The assumption is that marketing, long considered a black hole for budget dollars, can be similarly tightened up. Below is a guide to the topics likely to come under scrutiny as the first wave of BPM sweeps across the land and sets expectations for senior leaders.

Targeting. On a basic level there is a finite, definable universe of buyers, influencers, advisers and spoilers for every b2b product and service. On a sophisticated level, systems should track individuals by industry, segment, product use, title and role in a selling process mapped over time or deal cycles. Yet very few organizations have reliable processes in place to manage target lists and databases. Instead the squeaky wheel gets the grease when there is an obvious or embarrassing mistake or when the pipeline dries up.

And even though names and titles turnover as much as 40% each year, marketers ought to be able to continuously run data collection and cleaning programs to insure they know who to sell to. Ideally these systems incorporate information from sales reps, partners, customer service and online channels and are scrubbed regularly by telemarketers and online updates.








There is a constant anxiety about the quality of target lists and the relevance of the names on these lists when mapped against product or deal cycles. And yet very few companies have put standardized processes in place to manage this on-going need. Data cleansing and updating can be a program that runs quietly in the background of every marketing organization consuming a steady, constant percent of the budget it.

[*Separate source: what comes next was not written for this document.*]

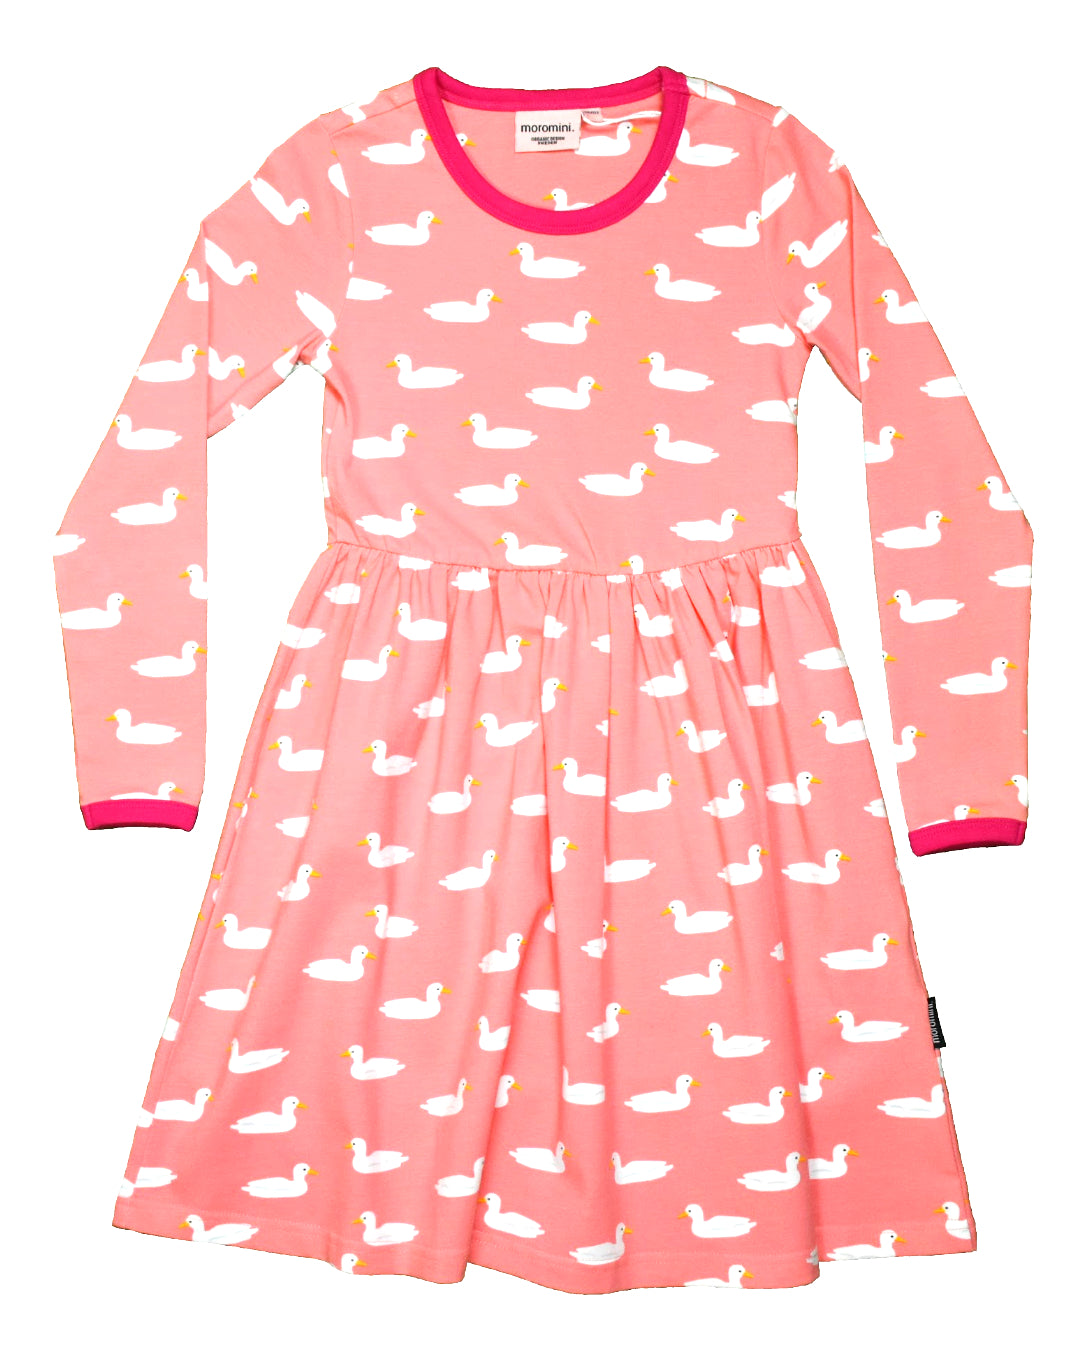 Rosa Kleid für Kinder mit weißen Enten aus Biobaumwolle von moromini

Organizational Alignment. It’s still not uncommon for sales and marketing to have different agendas, timelines, targets, program preferences and budget priorities. Part of this ambivalence is institutional, cultural and personality driven. But there is no real excuse for a corporation’s horses to be pulling in different directions.

Even the most Machiavellian CEO has figured out that competition and conflict between sales and marketing yields nothing more than wasted time and resources. Yet few have used their authority to compel a single view of the marketplace or to impose an integrated approach to applying the right amount of resource in the right sequence to yield the most profitable revenue in the shortest time.

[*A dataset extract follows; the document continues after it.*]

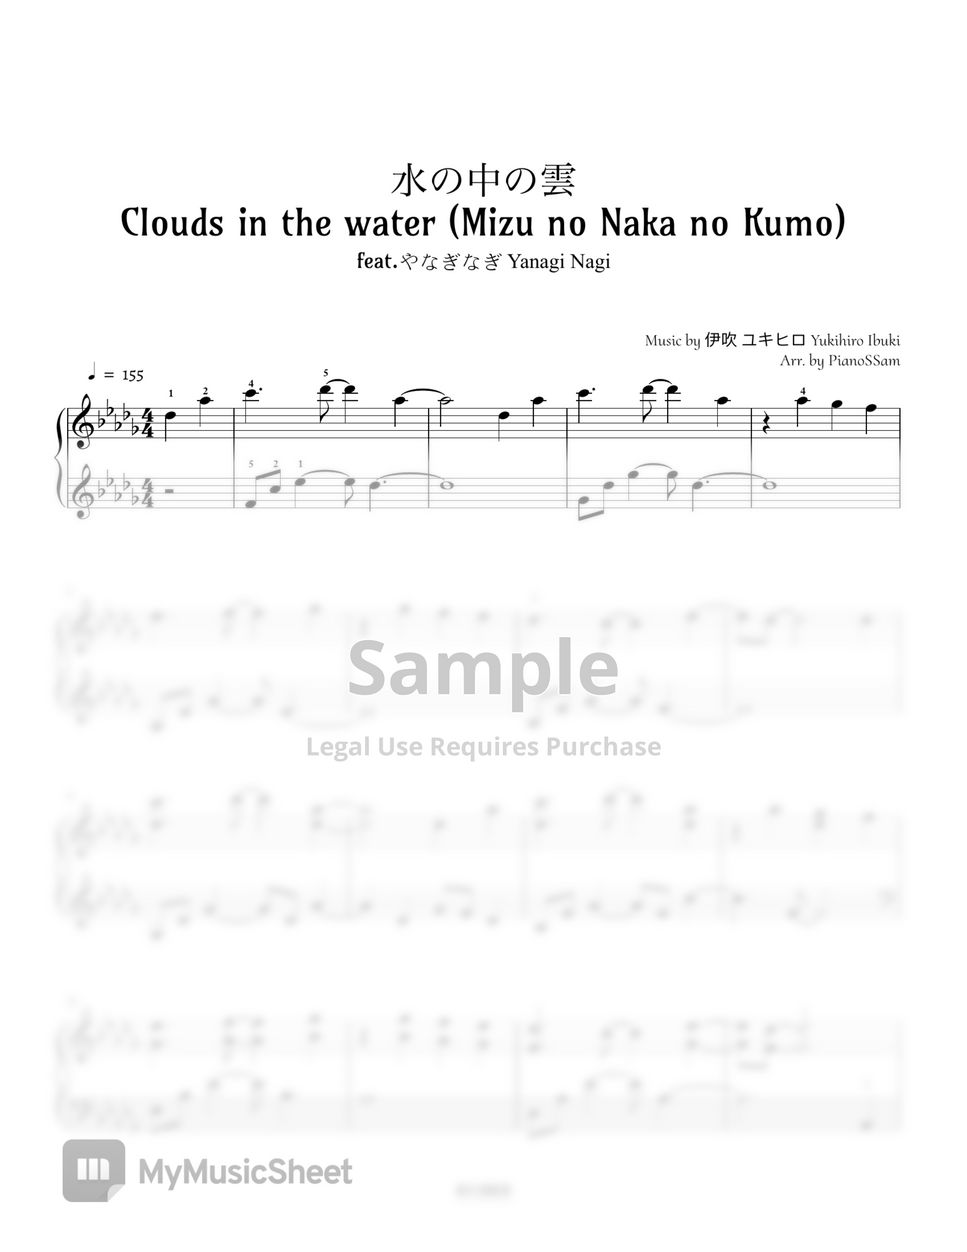 伊吹 ユキヒロ - 水の中の雲 (feat. やなぎなぎ Yanagi Nagi) by PianoSSam

The lessons of process engineering will soon be applied to this perennial problem in ways that will force chief marketers to become much more involved in sales processes, pricing and productivity issues. Similarly the process perspective will benchmark the ROI of favorite sales tactics like golf outings, trade shows, giveaways and travel boondoggles to force sales teams to demonstrate their throughput power.

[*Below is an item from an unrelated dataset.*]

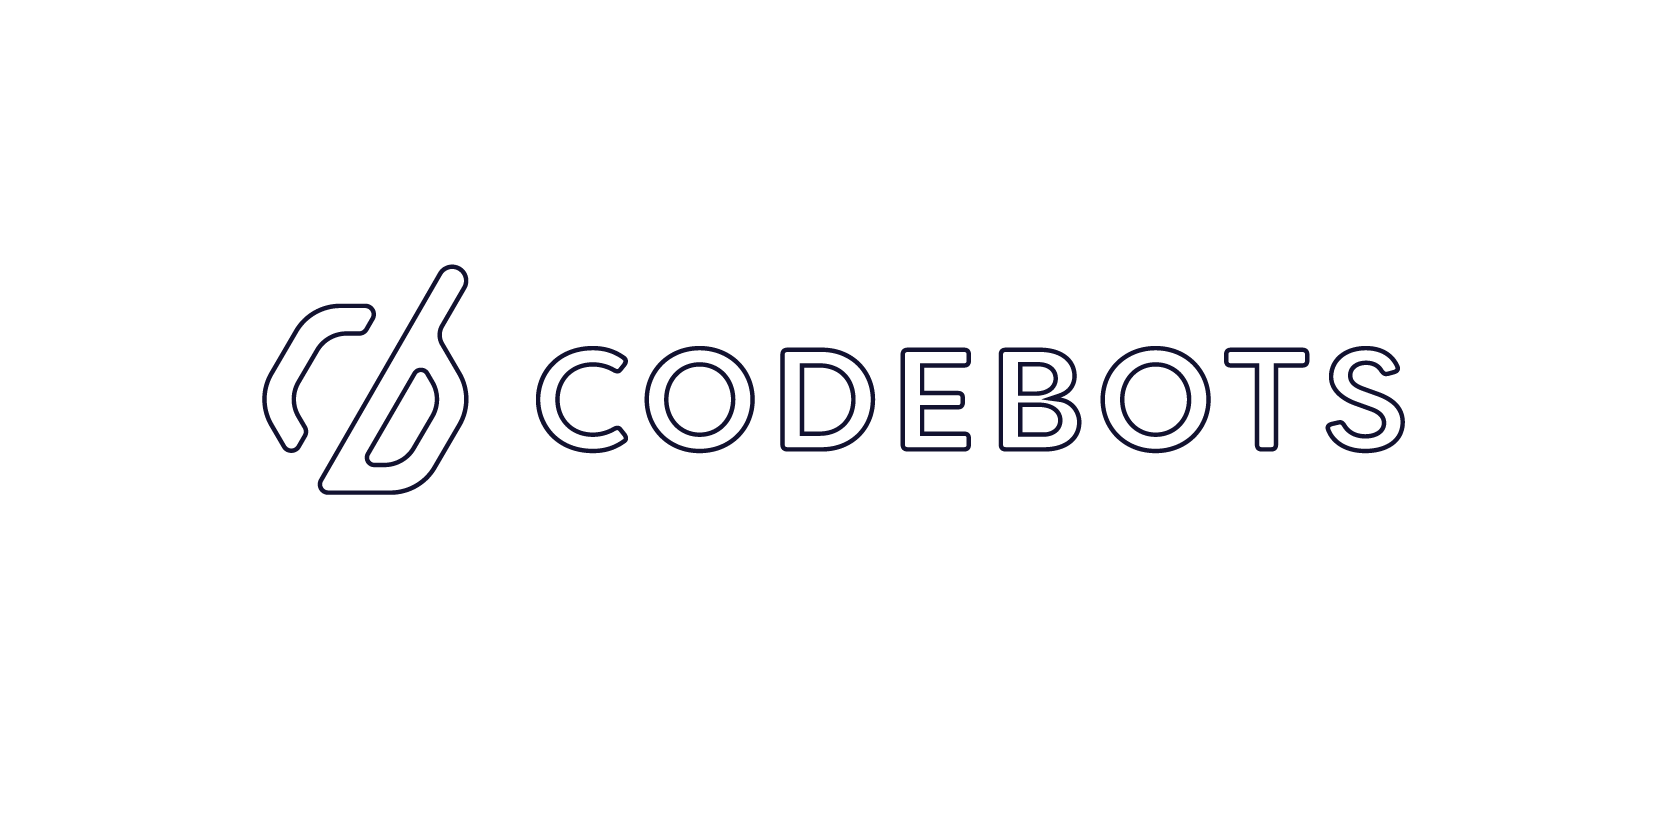 Codebots outline logo

Demand Generation. The desperate search for qualified leads that turn into bona fide sales opportunities is and always has been a game of numbers. There are a finite number of ways in which individuals are contacted, messaged, incented and engaged. A universal standard for defining lead qualification exists, though it is expressed in a million ways.

“Best practices” can be identified, quantified, replicated and probably automated. The emphasis shifts from creative, where the next campaign or package is expected to crack open the sky, to a mining and refining model where getting to the right person with the right frequency at the right time rings the bell.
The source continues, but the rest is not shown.